My friend is working on her latest book. She has published several. Advising others on their writing, she found that they assumed the reader knew too much. You need to guide the reader from the beginning. Writing, she finds that she needs to check herself: she lives with certain ideas, and moves on from them; so she might lose her readers. Don’t tell your conclusions without your premises.
That’s one of the advantages of the internet. We can go into our hugboxes, where we agree, generally, and one word can allude to many complex ideas we have thrashed out together. Like “hugbox”, an internet forum where all agree, where conformity is rewarded with agreement and extremism may fester. WordPress is not quite like that, but readers may return to my blog when they share my understanding.
And, she says, the life is in the writing when she is developing ideas as she writes; she has provided a synopsis for the publisher, but finds her ideas firming and changing, her arguments strengthening, new words and modes of expression coming to her. She balances writing that with what was promised.
(I did not take notes at the time. I had had two glasses of wine. Her ideas are filtered through my understanding and expression.)
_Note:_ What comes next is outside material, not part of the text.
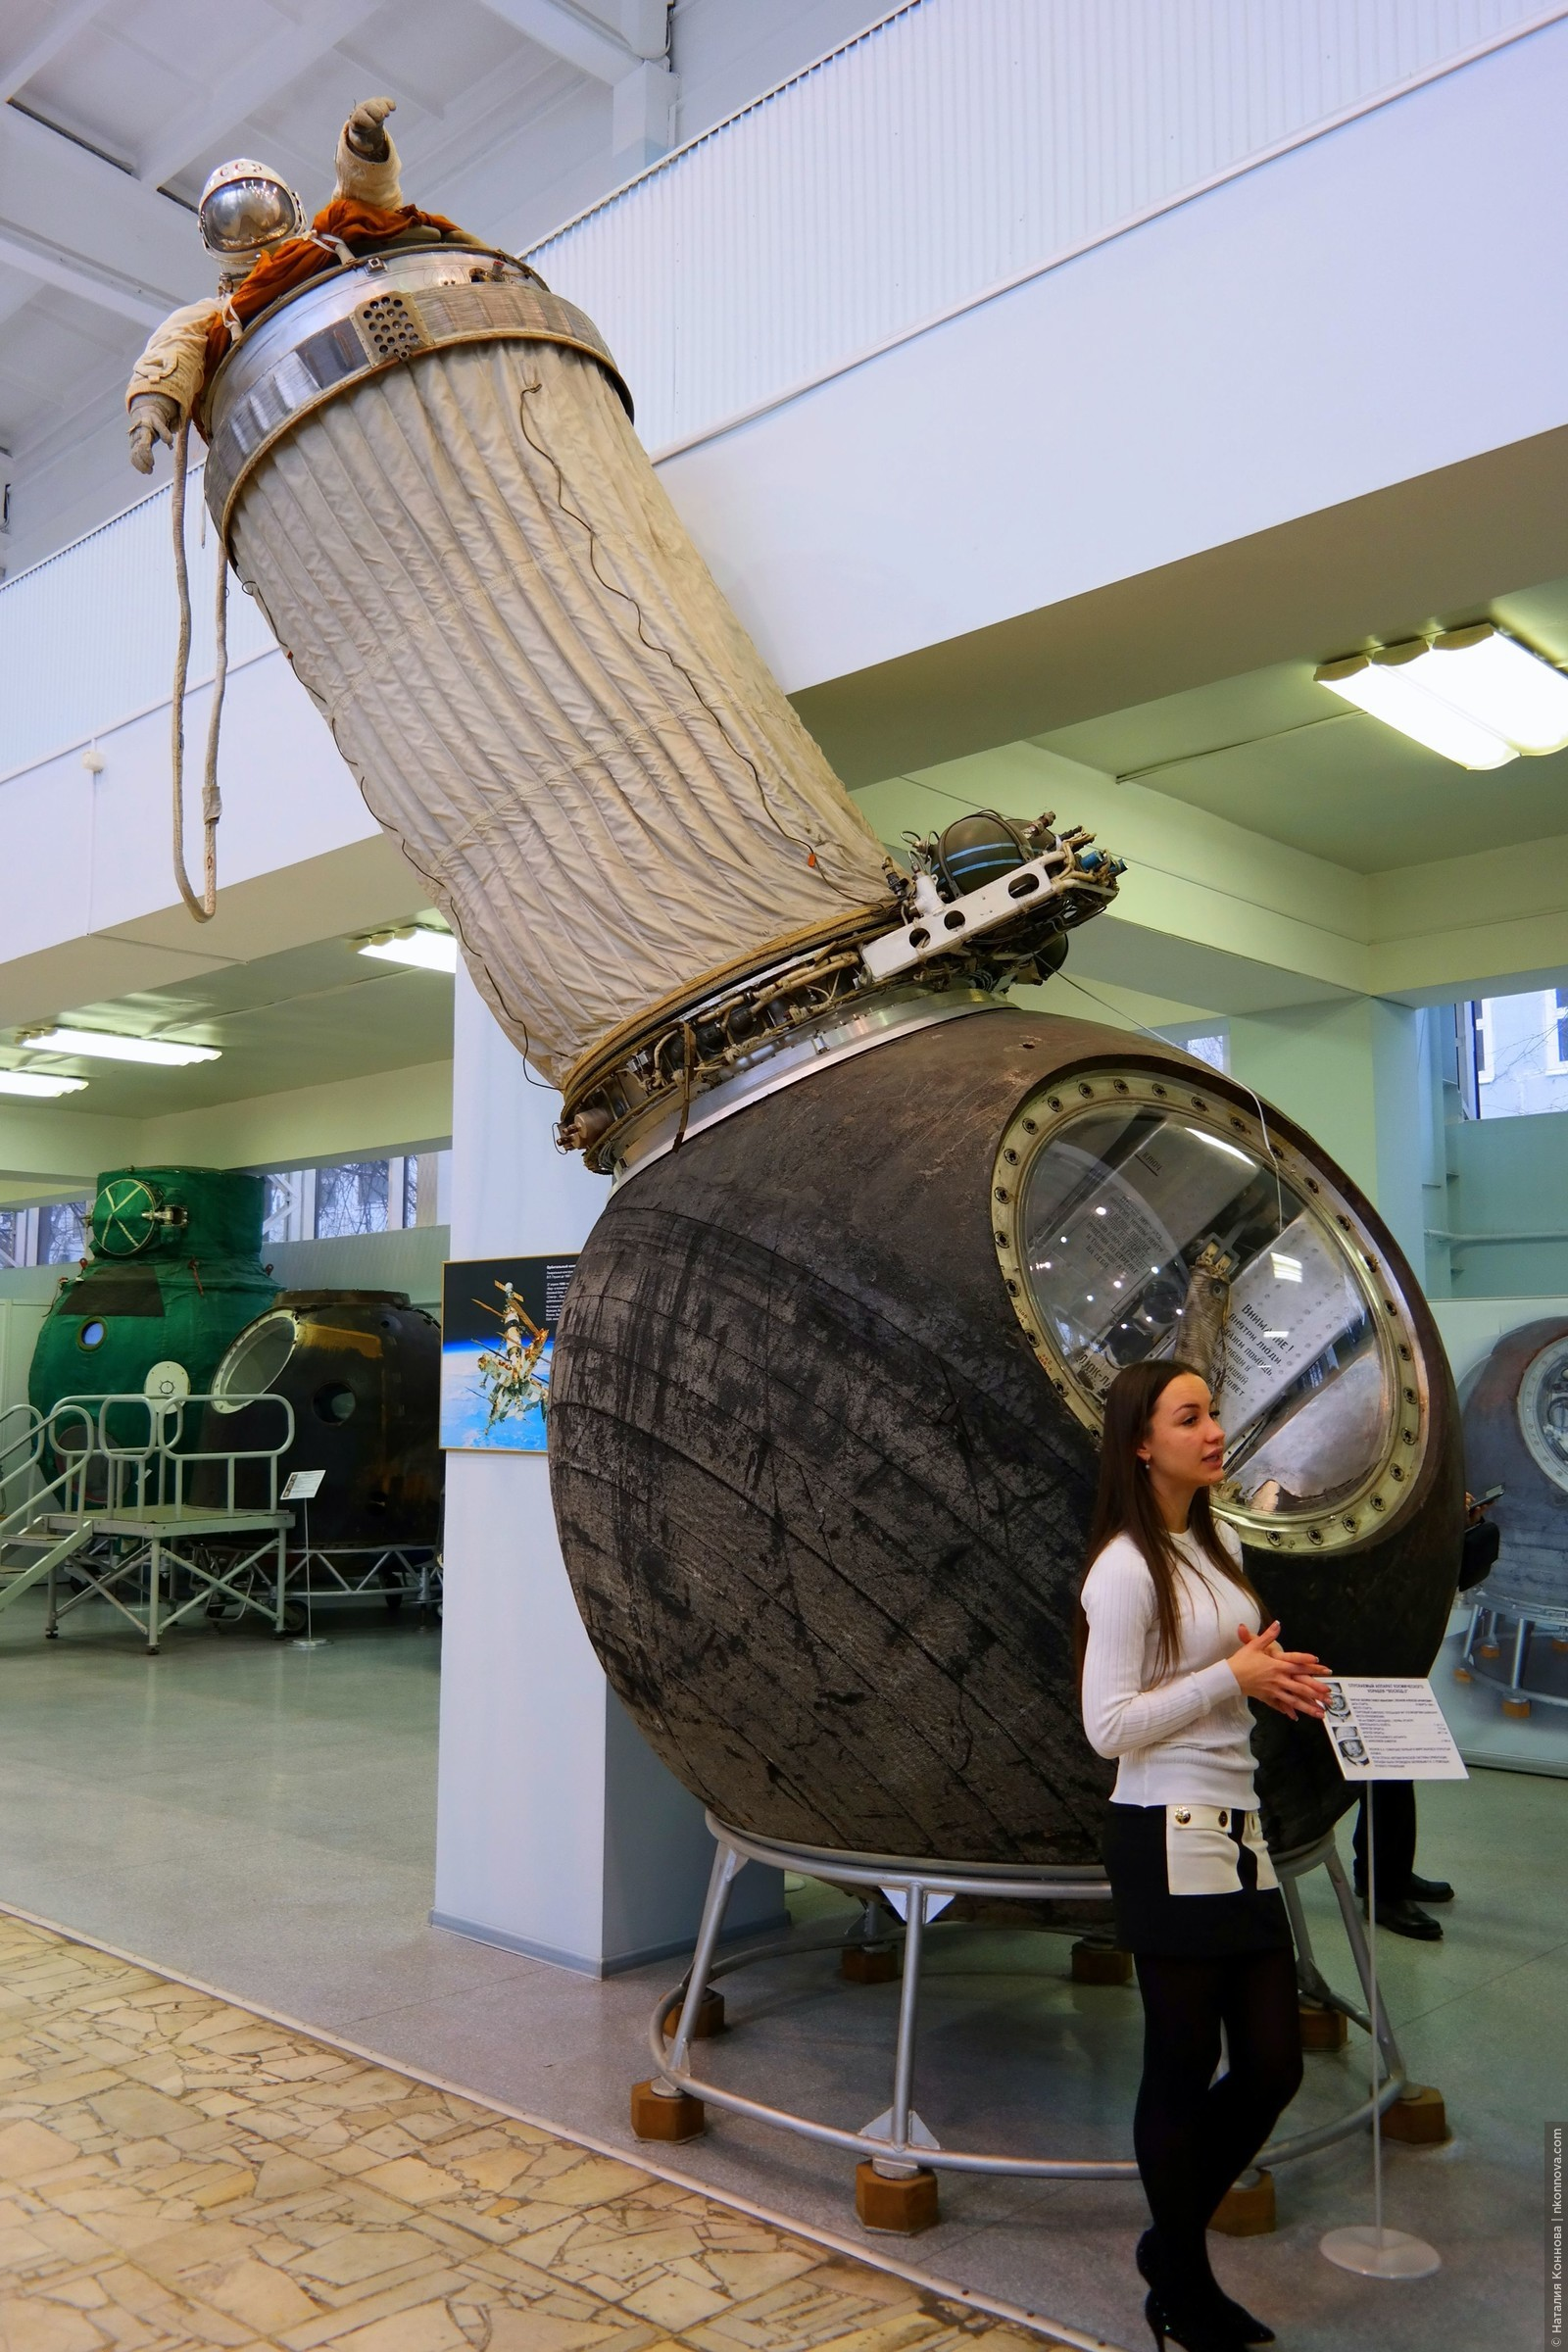 Многоместный аппарат «Восход-2», из которого впервые в мире космонавт А. А. Леонов осуществил выход в открытый космос (не без приключений)., Музей РКК «Энергия» им. Королева
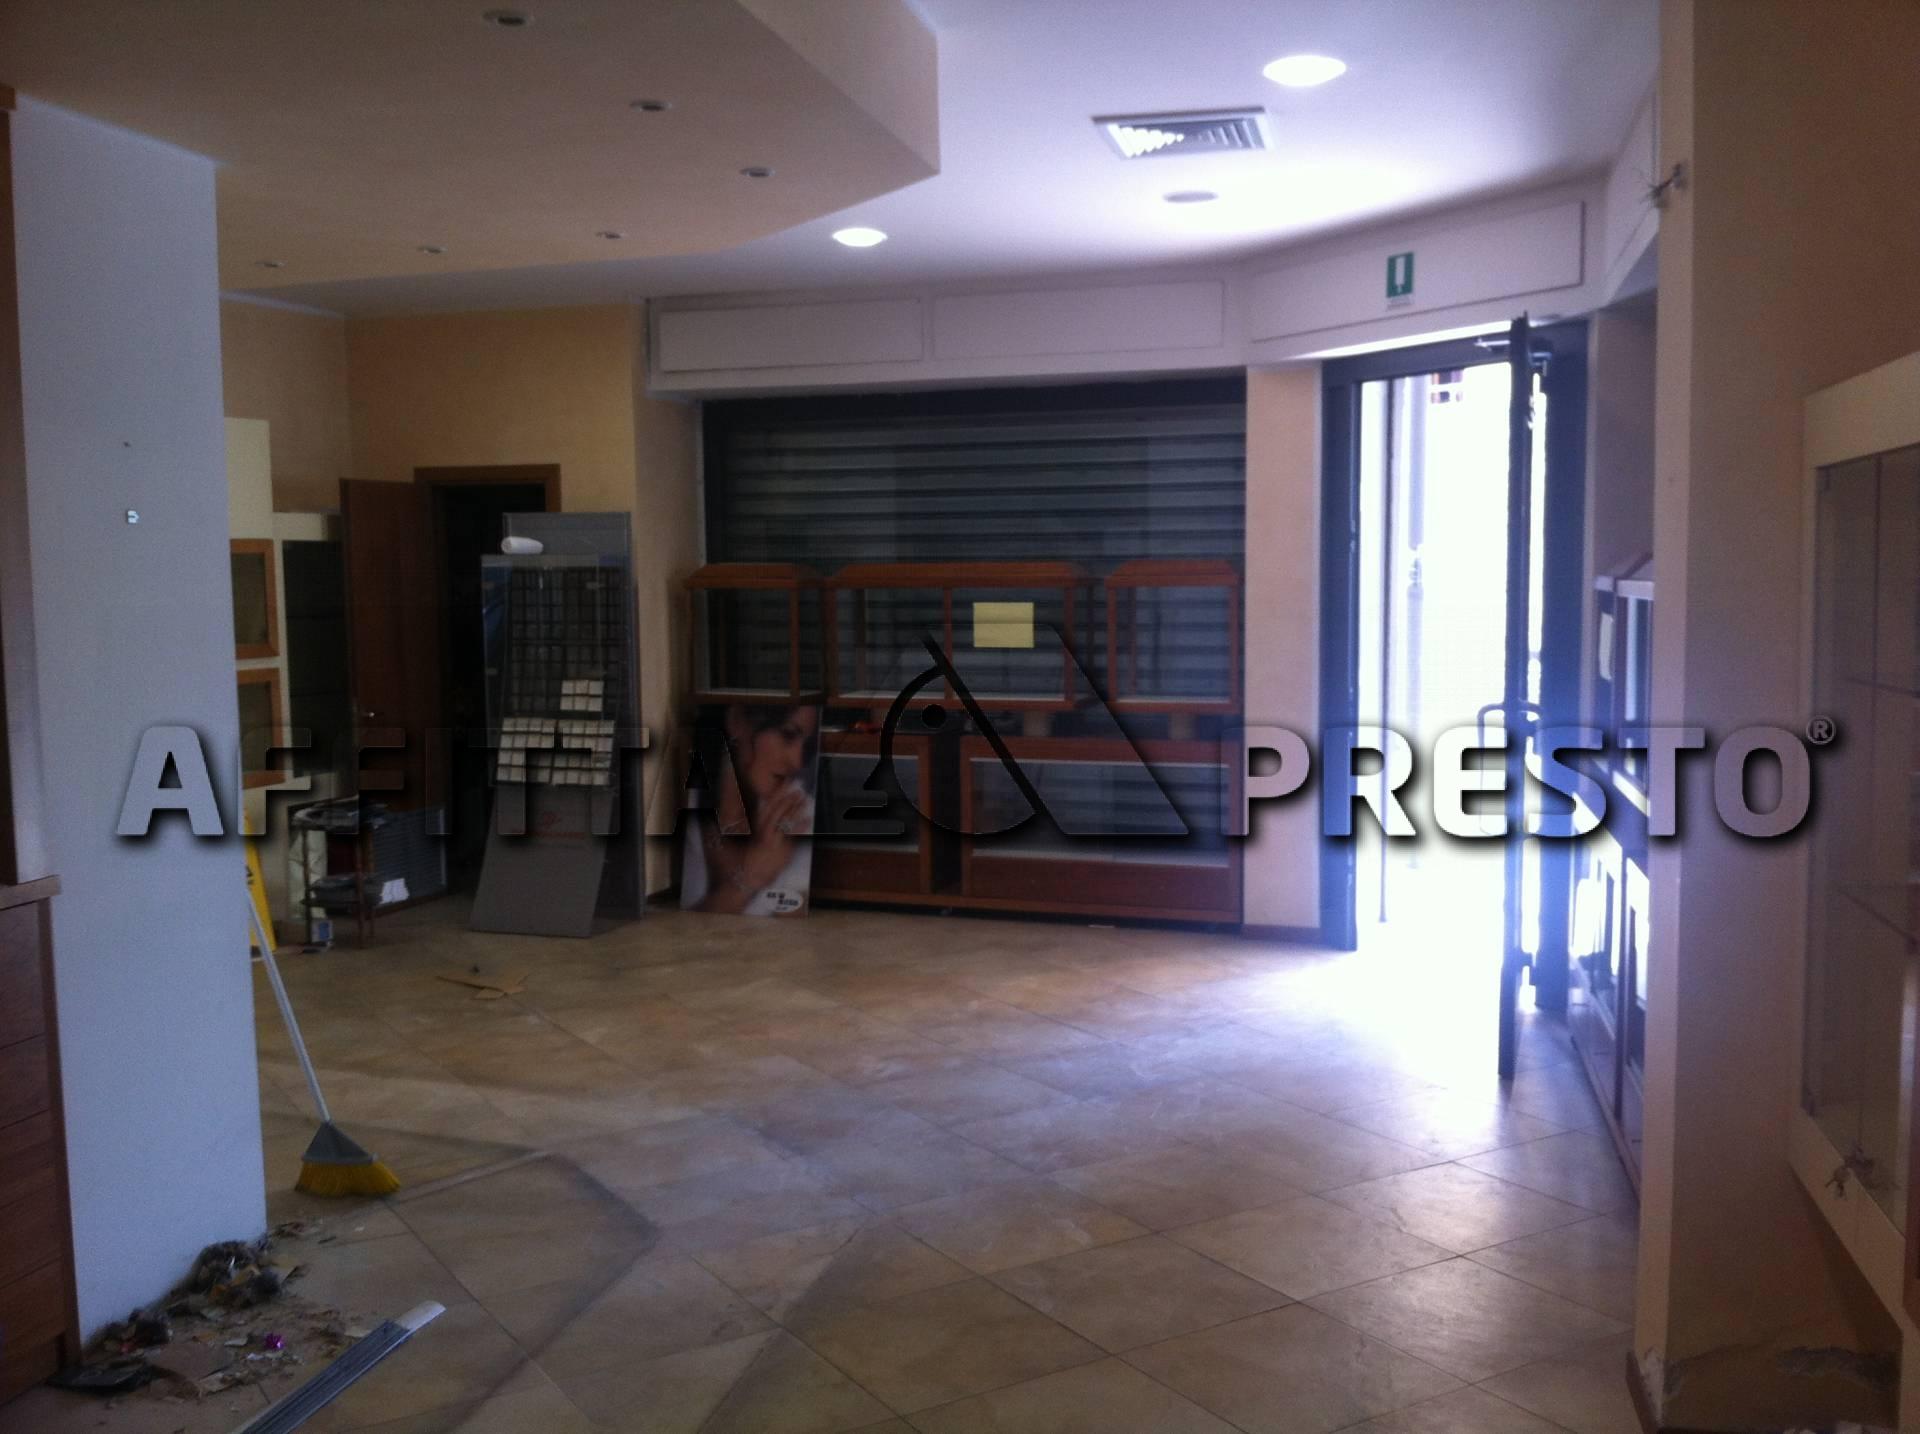 Attività / Licenza in affitto a Livorno, 9999 locali, zona Località: PortaaMare, prezzo € 1.800   Cambio Casa.it

I was low on Wednesday. On Thursday I was energised with a task: I had an article to write. It is a response to one in a magazine far above my league. I have emailed it to that magazine. They don’t bother with rejection letters:
We welcome submissions from journalists and others and will get in touch if we are able to use your piece. Unfortunately, due to the high amount of correspondence we receive, we are not able to respond to all submissions individually.
They might glance at a sentence or two of it. Unless it immediately grabs the attention of probably a fairly lowly employee, it has little chance of proper consideration. There is a great deal of luck in this. There are no submission guidelines on their website, so I did a brief cover saying “I write for The Friend, the Quaker magazine”. It is my best boast, writing so far.
After I emailed it- I wanted a quick response- I read it again and found I had not sufficiently explained the links to the article I was responding to. It is not a free-standing article on the matter, but a response.
It is gone. There are other things I can write, which may mean I have to make less effort here.
A man who had succeeded in angling competitions said he sometimes walked around the lake and showed the anglers their mistakes. He would tell them how to hold the rod, etc, and their technique would improve; then he would see them a week later, all their previous mistakes restored. I read wonderful articles on maintaining a relationship- communication is important, apparently- from men several times divorced and currently single. Seeing you are not taking the Good Advice is a first step.
My generous published writer friend had a look at my piece, and said I should use more interesting verbs and less careful, lawyerly exactitude. Oh dear, could I be seen as pedantic? I have to sit with that for a time if I am to learn from it.
There is a danger, when writing and submitting that we take others’ comments too much to heart. We each have our voices, and I, for one, very much value the clarity and exactitude of your expression, in a world where, increasingly, people write ‘for grabs’. It’s just that, in the mill of life, and especially in (most) journalist circles, exactitude gets a little lost in the business of publishing.
All power to your elbow.
Fran (((XXX)))
LikeLike
I wanted to take the suggestion of lawyerliness to head rather than to heart, because people have consistently seen me as pedantic since childhood. I always take criticism as well-intentioned and in good faith unless there is strong evidence to the contrary, and while I don’t always follow it I am interested in my friend’s saying we should guide the reader through the argument and assume nothing, because I instantly assumed in my own writing only four days later.
I so want to get the precise idea over! And feelings are precise, and can be conveyed with precision! Yet in the lawyers’ phrase, “I hear what you say”.